__What you will do__: Copy the records below exactly, starting at the line that contains "Free Printable Letter" and ending at the line that contains "Video: Campside Shoe"; leave out any pictures.
[[ Records shown, beginning ]]
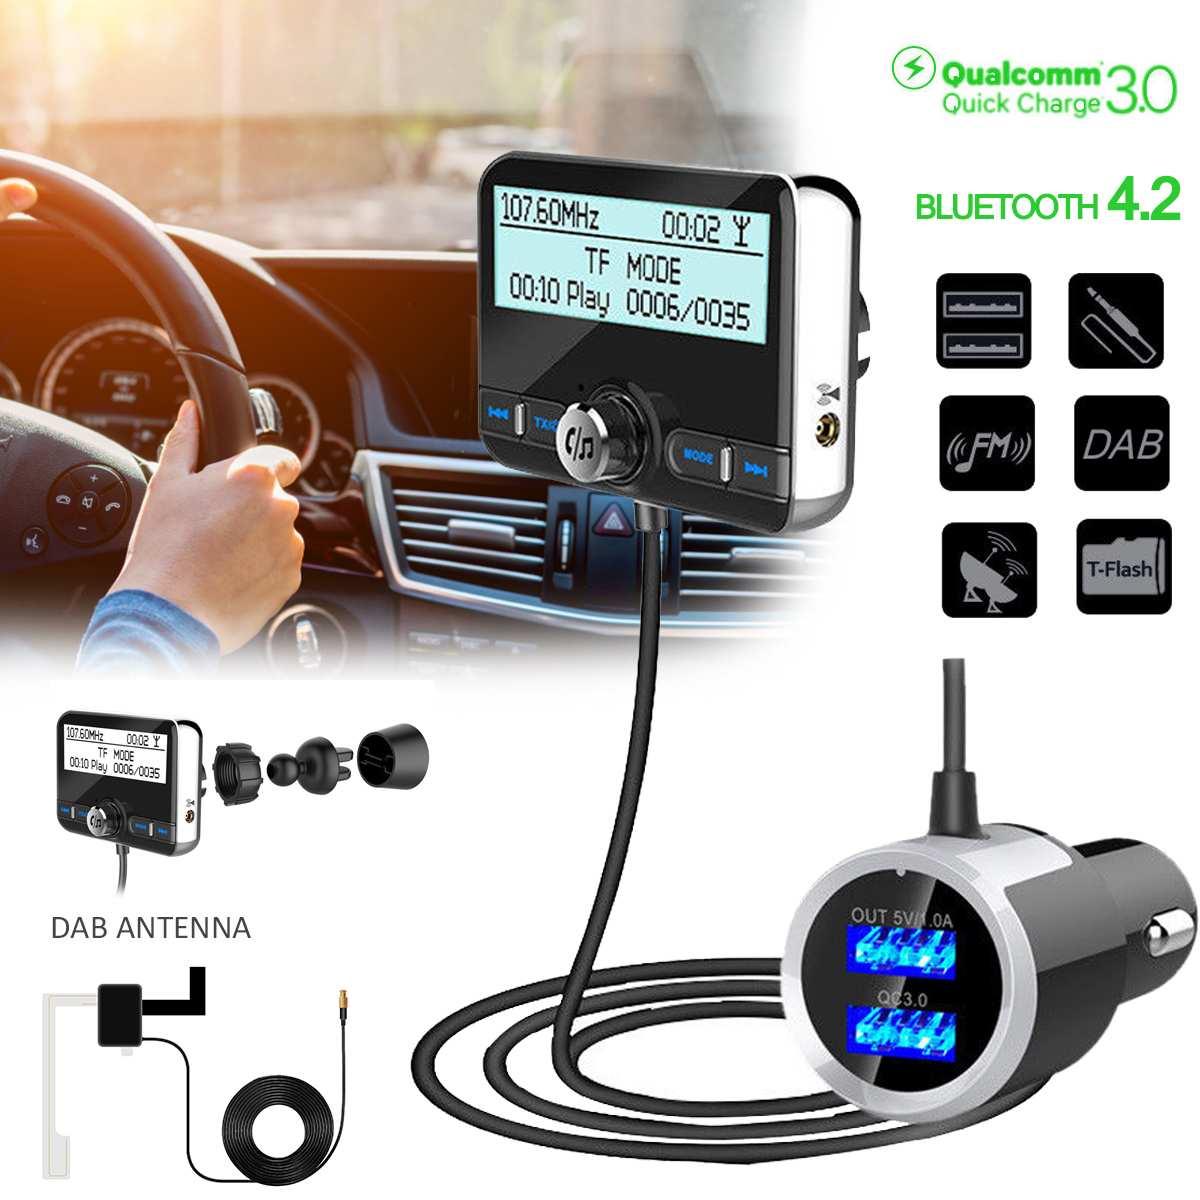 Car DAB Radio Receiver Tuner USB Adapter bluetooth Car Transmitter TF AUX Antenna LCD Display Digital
[[ Records shown, end ]]
[[ Records shown, beginning ]]
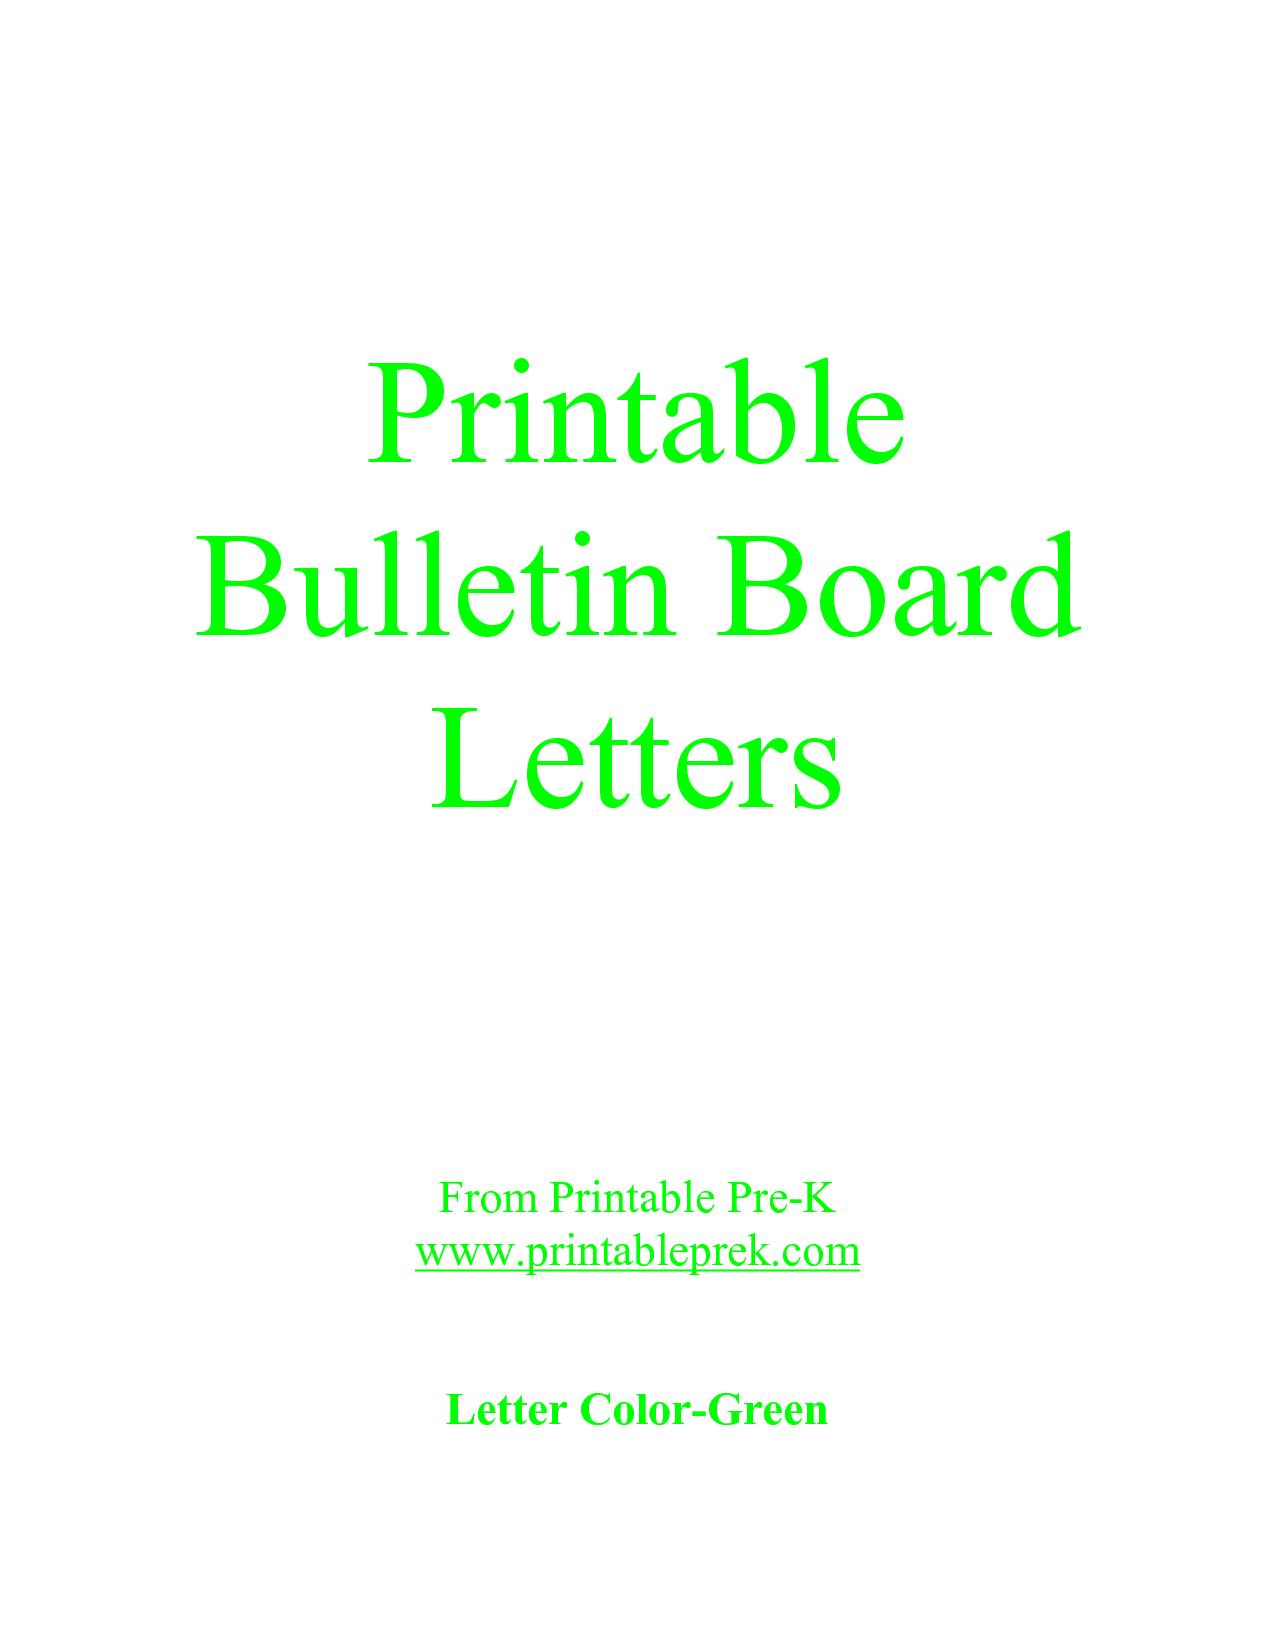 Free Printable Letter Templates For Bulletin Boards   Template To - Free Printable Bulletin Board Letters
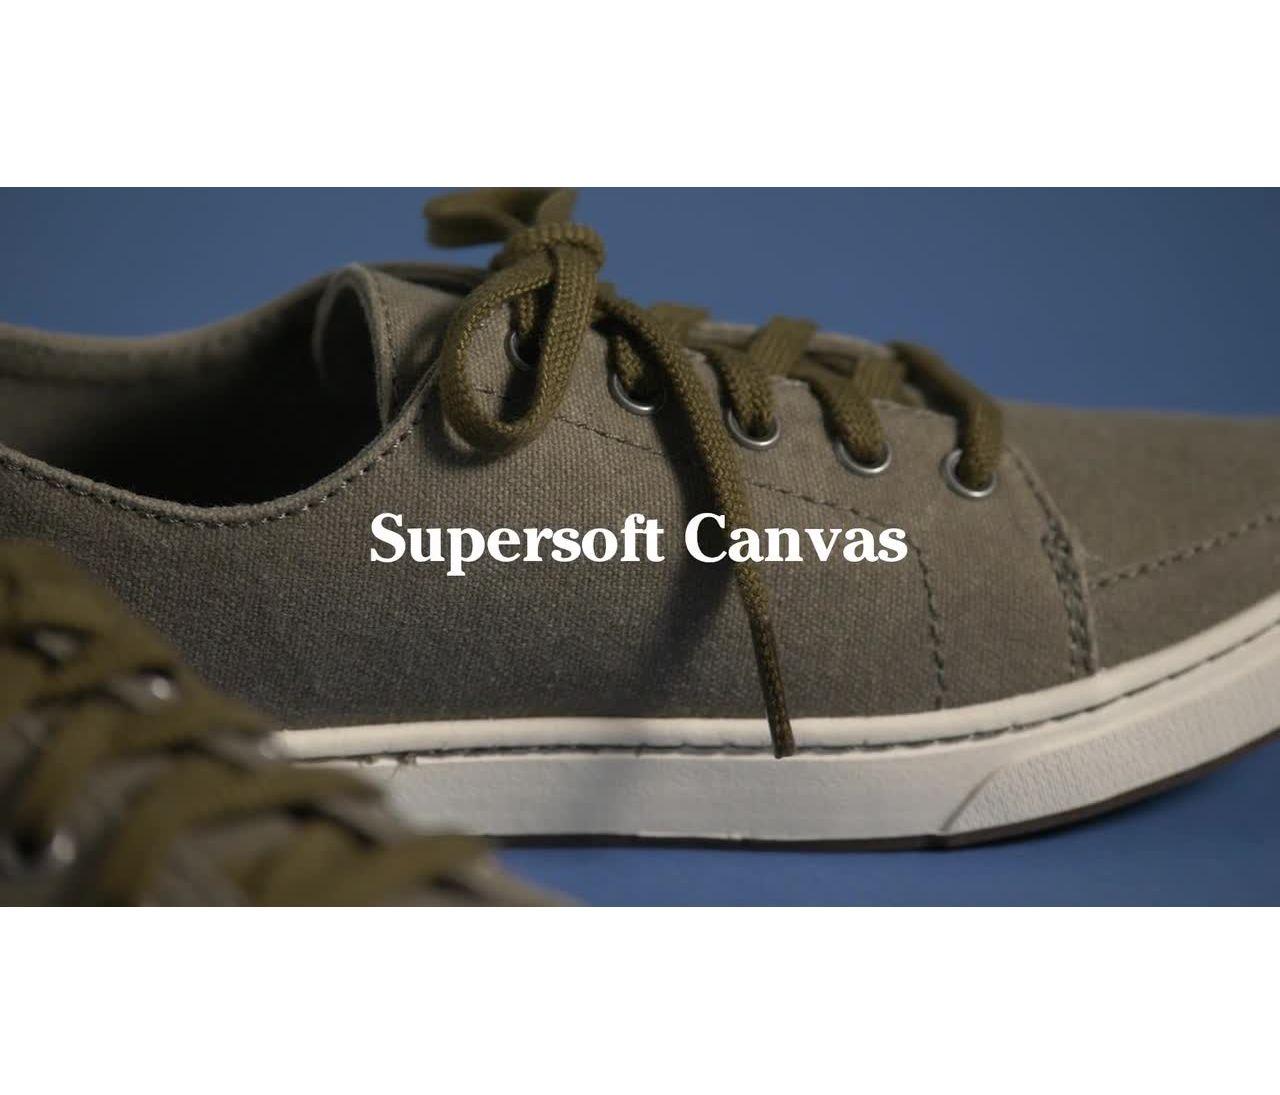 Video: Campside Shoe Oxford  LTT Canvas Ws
[[ Records shown, end ]]
[[ Records shown, beginning ]]
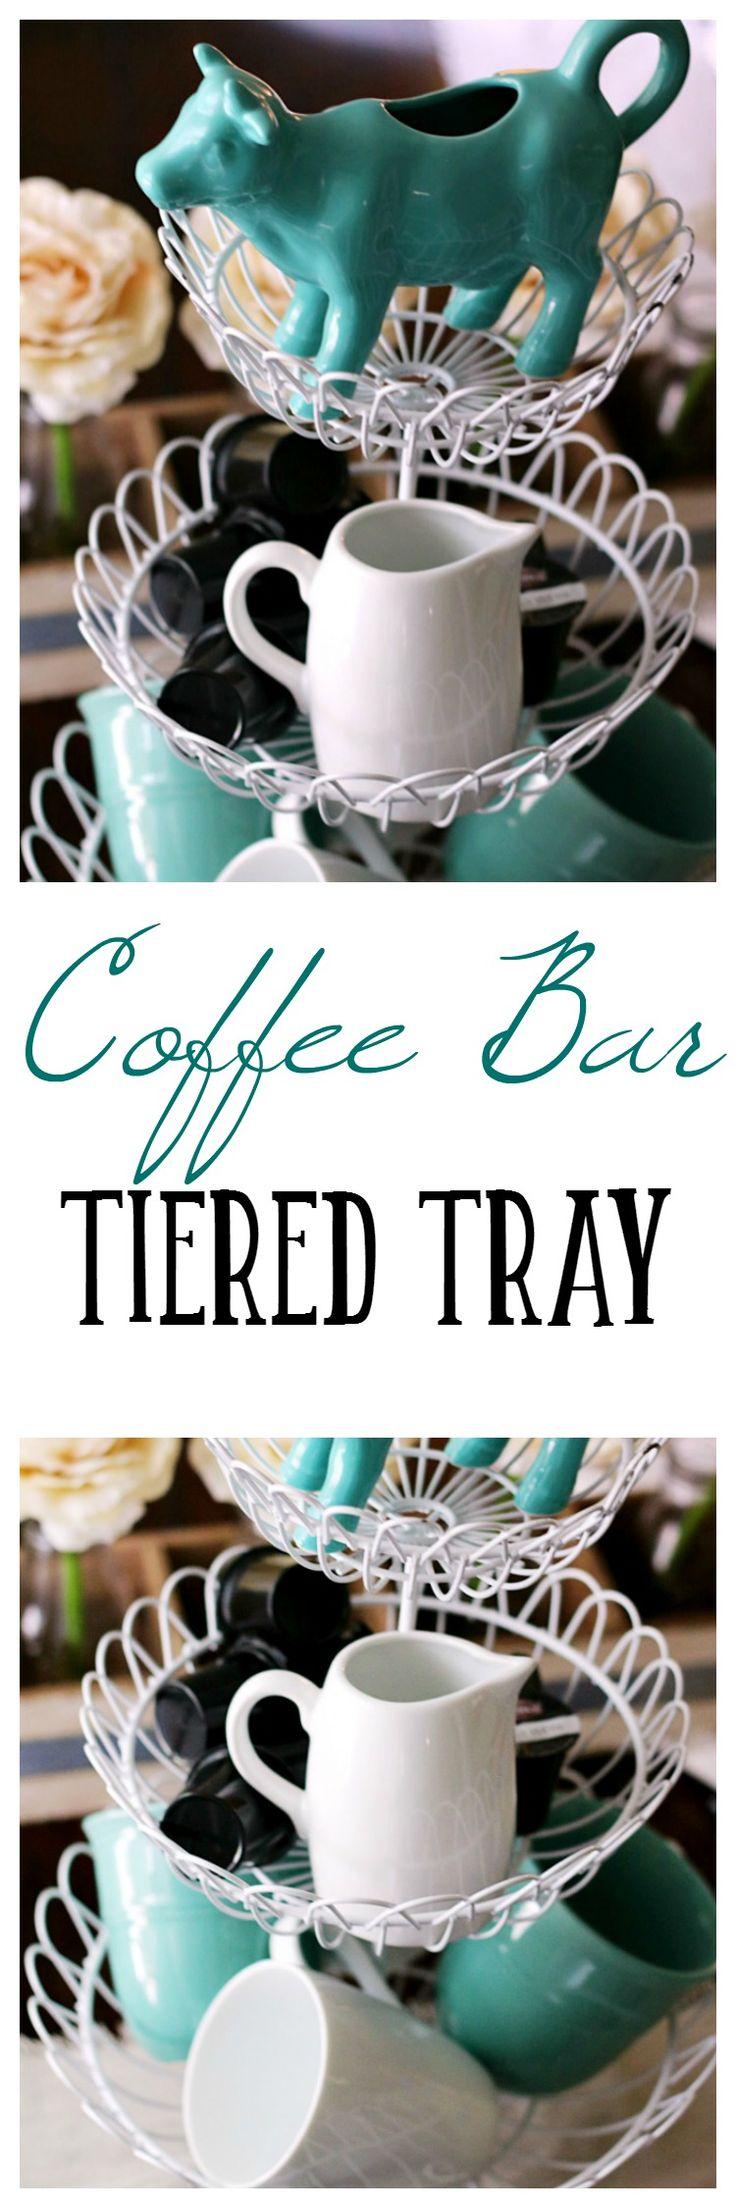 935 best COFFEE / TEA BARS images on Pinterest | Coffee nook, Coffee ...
[[ Records shown, end ]]
__Result for this exercise__:
 Free Printable Letter Templates For Bulletin Boards   Template To - Free Printable Bulletin Board Letters
 Video: Campside Shoe Oxford  LTT Canvas Ws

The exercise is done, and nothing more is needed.